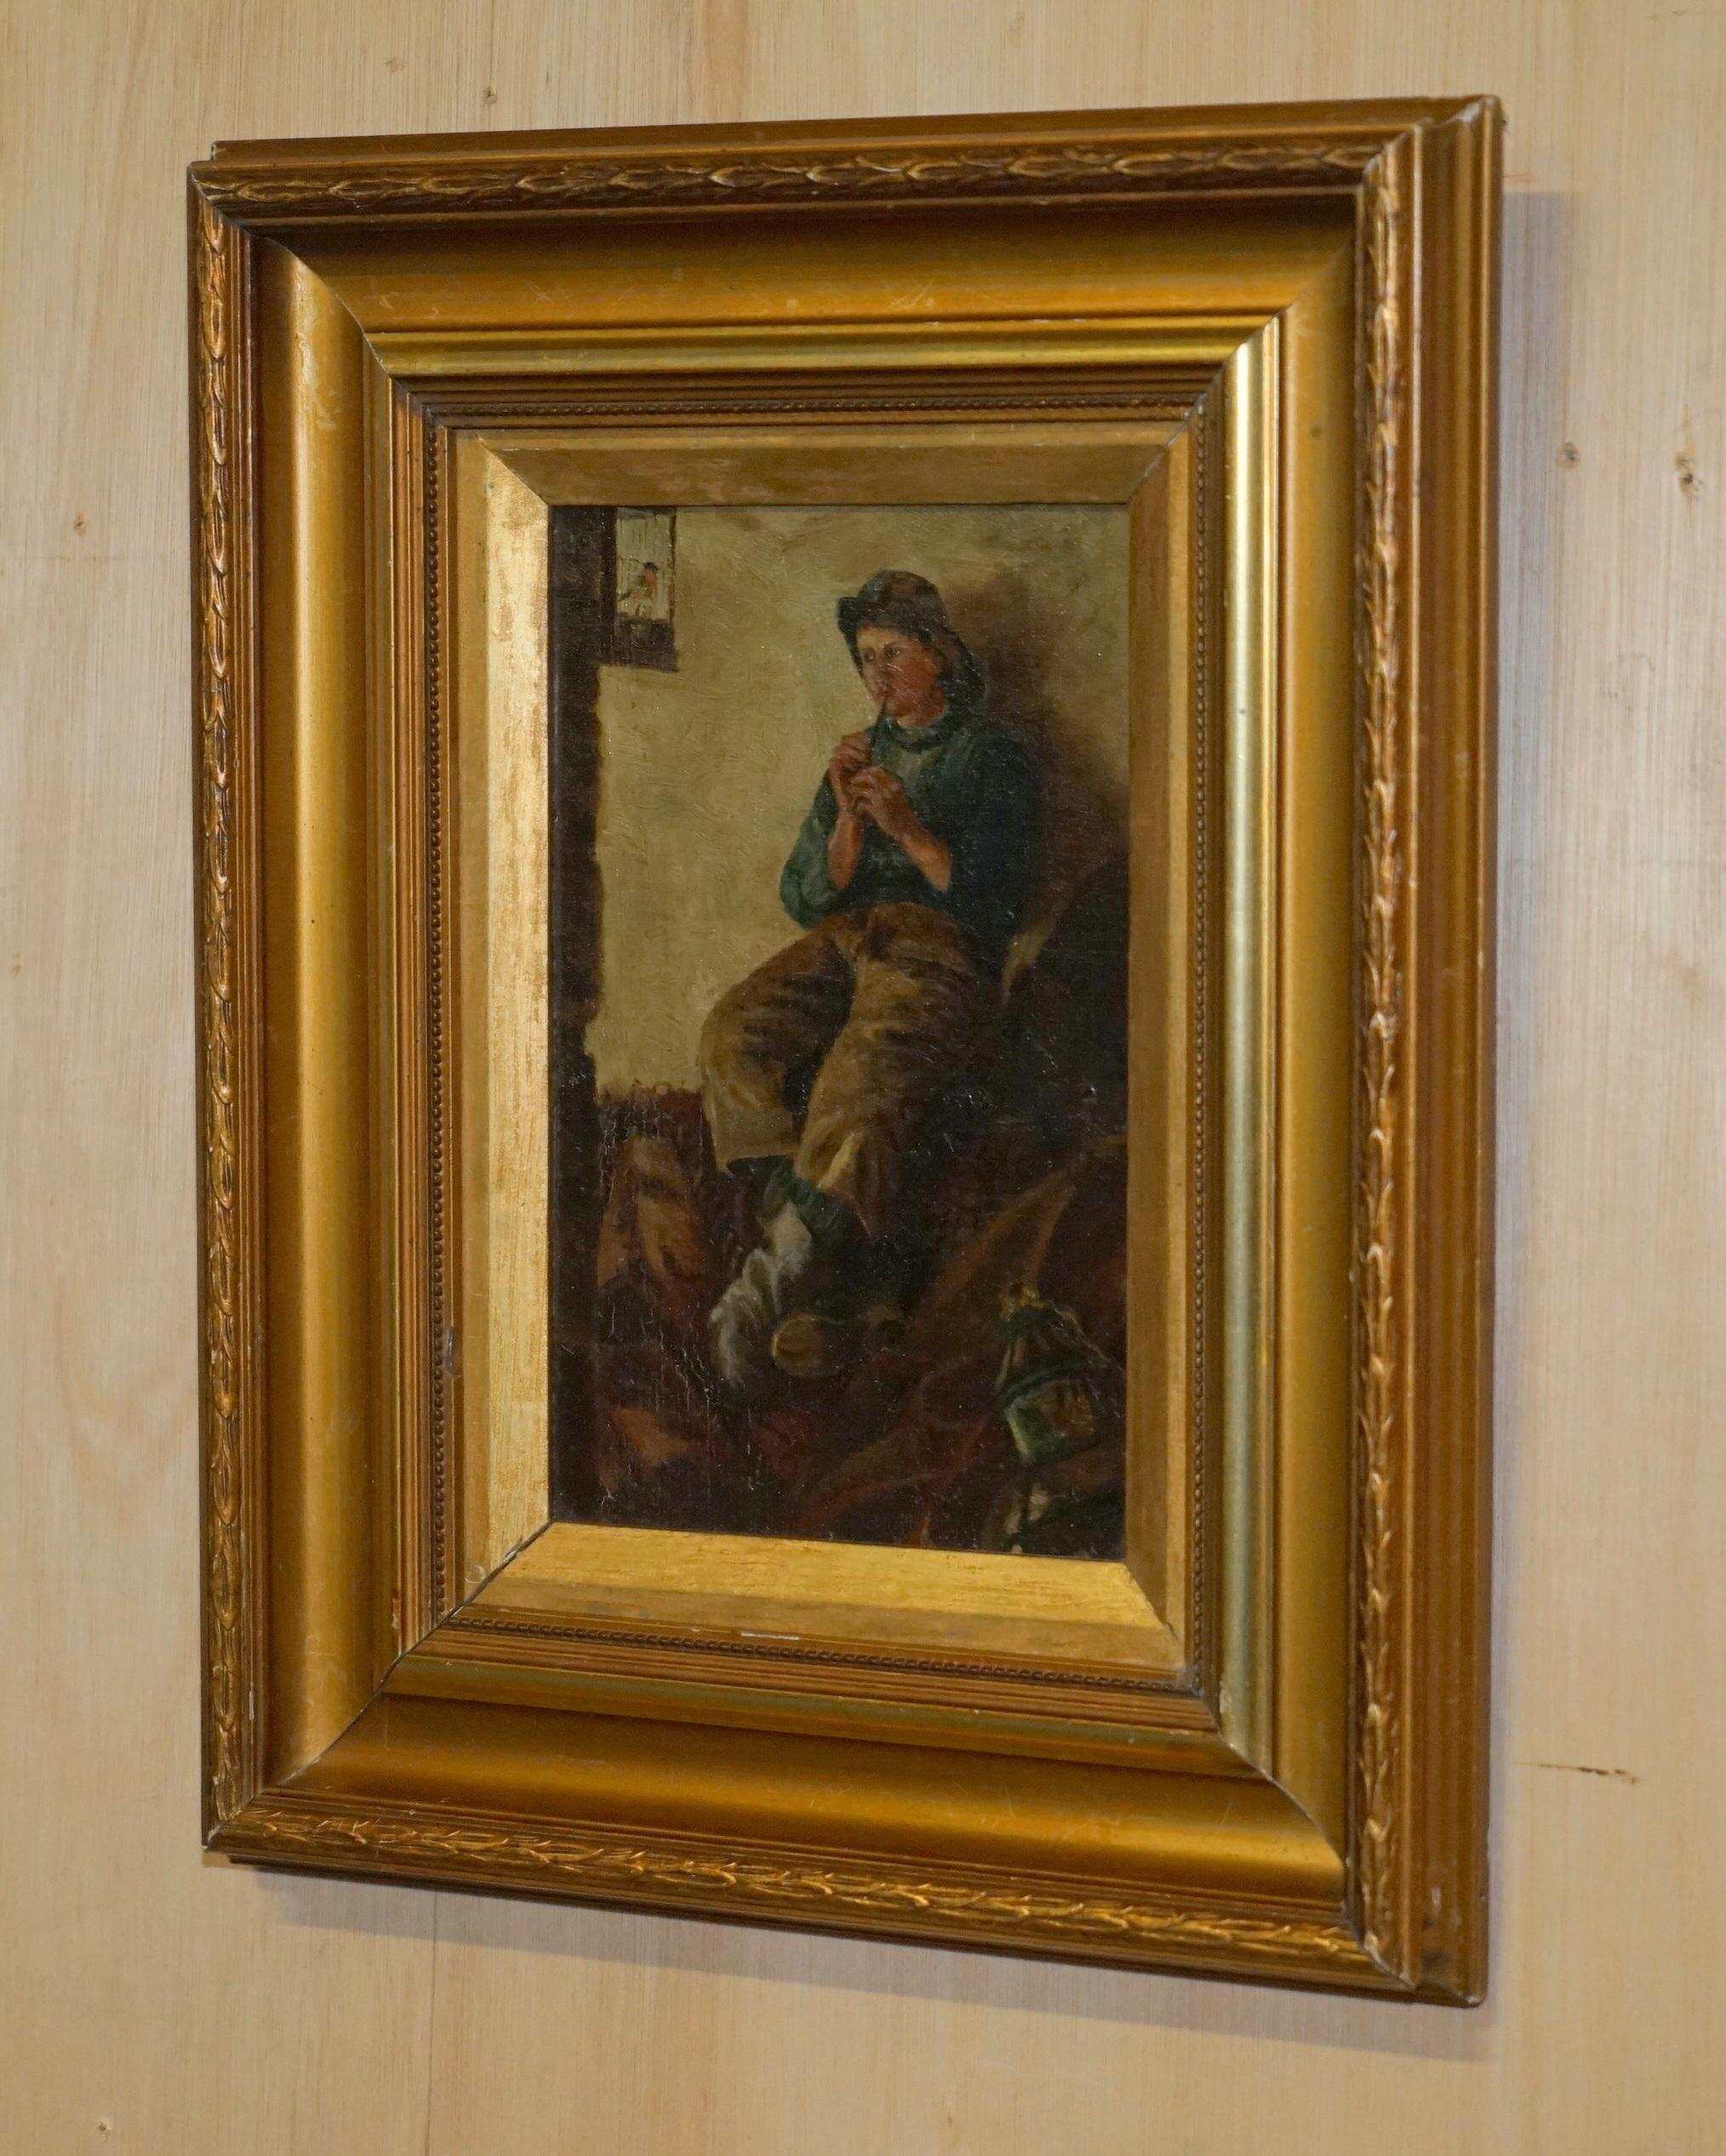 Royal House Antiques

We are delighted to offer for sale this stunning original circa 1880 oil painting of a young lad playing a pipe, most likely a Cornish Fisherman 

A very good looking and wonderfully executed painting, its a relatively well

........

Each line of the material needs to be given again exactly, without any of its pictures.

 Royal House Antiques

We are delighted to offer for sale this stunning original circa 1880 oil painting of a young lad playing a pipe, most likely a Cornish Fisherman 

A very good looking and wonderfully executed painting, its a relatively well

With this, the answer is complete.